Directory or file references starting with a directory name are also relative path names. For example, if we are in the users directory, the directory reference john/portfolio is a relative path name:
pwd
# output: /users
cd john/portfolio
pwd
# output: /users/john/portfolio
Absolute path names
If we string together the unique name of all the intervening subdirectories in the file system to a particular subdirectory, we have created the absolute path name for that directory. The absolute path name allows us to switch to a directory no matter what my present working directory is.
Absolute path names always start with a /. We can navigate the file system by using absolute path names. So we could do something like shown below
pwd
# output: /users/john
cd /users/mary
pwd
# output: /users/mary
cd /tmp
pwd
# output: /tmp
cd /users/john/portfolio
pwd
# output: /users/john/portfolio
Every directory or file on the file system has a unique absolute path name. Although john may create a file called “test.txt” in his home directory and mary may create a file called test.txt in her home directory, the absolute path names of these files are different. John’s is called /users/john/test.txt, and Mary’s is /users/mary/test.txt.
File Security
Password security protects a system from access by an unauthorized person. In a multi-user system, each authorized user can have access to files that belong to other users or to the system files and utilities. In such an environment, it becomes essential that files should be protected so that another user does not misuse one user’s files and system files are not detected or modified.
UNIX allows users to protect their own files from other users working on the system.

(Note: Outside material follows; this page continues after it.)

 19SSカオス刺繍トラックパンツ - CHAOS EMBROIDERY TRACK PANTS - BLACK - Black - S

It also provides protection for system files. Before an explanation of the method of protecting their own files from other users working on the system. It also provides protection for system files.
Before an explanation of the method of protecting files, the following concepts will be discussed:
- The types of files in UNIX
- The concept of File Owner, Group Owner and Other Users.

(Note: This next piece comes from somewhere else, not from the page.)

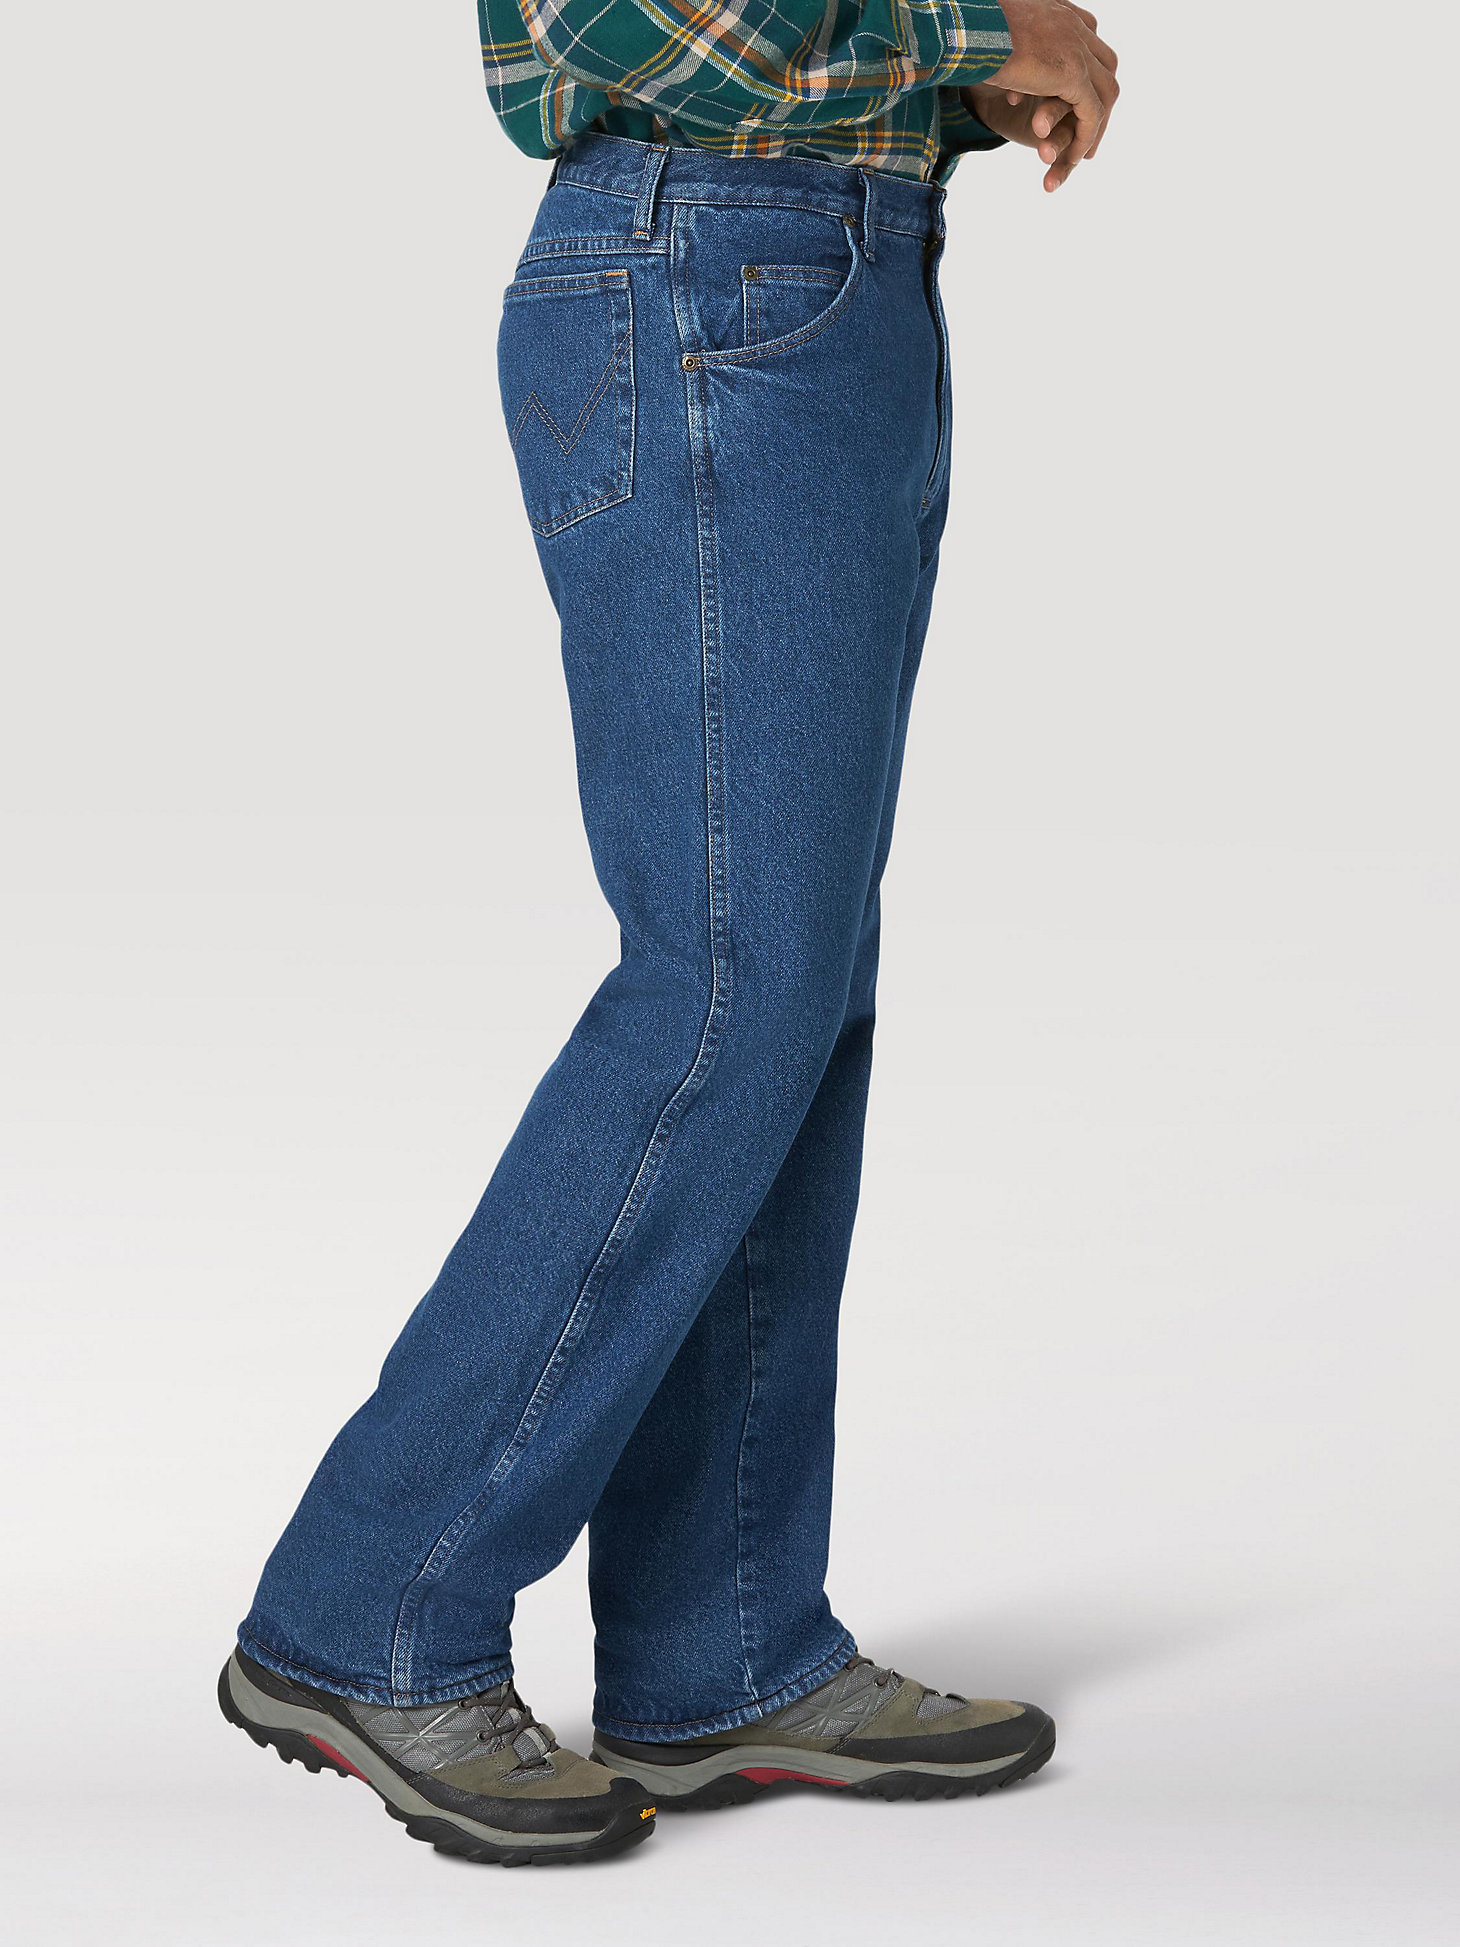 Wrangler Rugged Wear® Fleece Lined Relaxed Fit Jean in Stonewash alternative view 1

- Files access permissions.
The File Owner, Group Owner and Other Users File Owner
File Owner
The user who creates a file is said to be the owner of that file. The owner of a file can perform any operation on that file, e.g. copying, deleting, and editing (through some editor) etc.
Group Owner
Consider the following situation:
A project team of 5 people of the SMARTEST CONSULTANTS PVT. LTD. is working on a software development project for a private detective agency. The team is headed by an analyst. The other 4 members are all programmers. The team is working on a UNIX system. Each programmer has been given a few programs to develop. The data, provided by the detective agency, is of a highly confidential nature, and so the data file has been created in the analyst’s HOME directory.
One programmer may have to link his program to another programmer’s program in order to test his program.
In this situation, each programmer is the File Owner of his own program files. Each program, however, would also belong to the other programmers, so that they could use the programs for linking. The project team (of 5 users) is said to be the Group Owner for the file.
In UNIX, it is possible to define which user of the system is member of a group. A group of users are also given a name, just as a user is given a name. So, for the project team, the programmer Anita may be the owner of her program files. The group of users in the project team may be called PROJECT-ABC, which becomes the Group Owner of Anita’s program files.
Other Users
In the example of the SMARTEST CONSULTANTS PVT. LTD., all users of the system who are not members of the group PROJECT-ABC are referred to as Other Users for all files that belong to that group. Their Other Users are thus those users who do not have any common needs for data or programs with the Group Owner.
For e.g. people of the accounts department who use the system to generate reports, or data entry operators entering data for payroll can be referred to as Other Users for the files that belong to the group PROJECT-ABC.
To summarize:
Associated with each file in UNIX is:
A File Owner
A Group Owner which consists of users who need to share that file
Other users who do not belong to the group.
UNIX stores this information for each type of file on disk.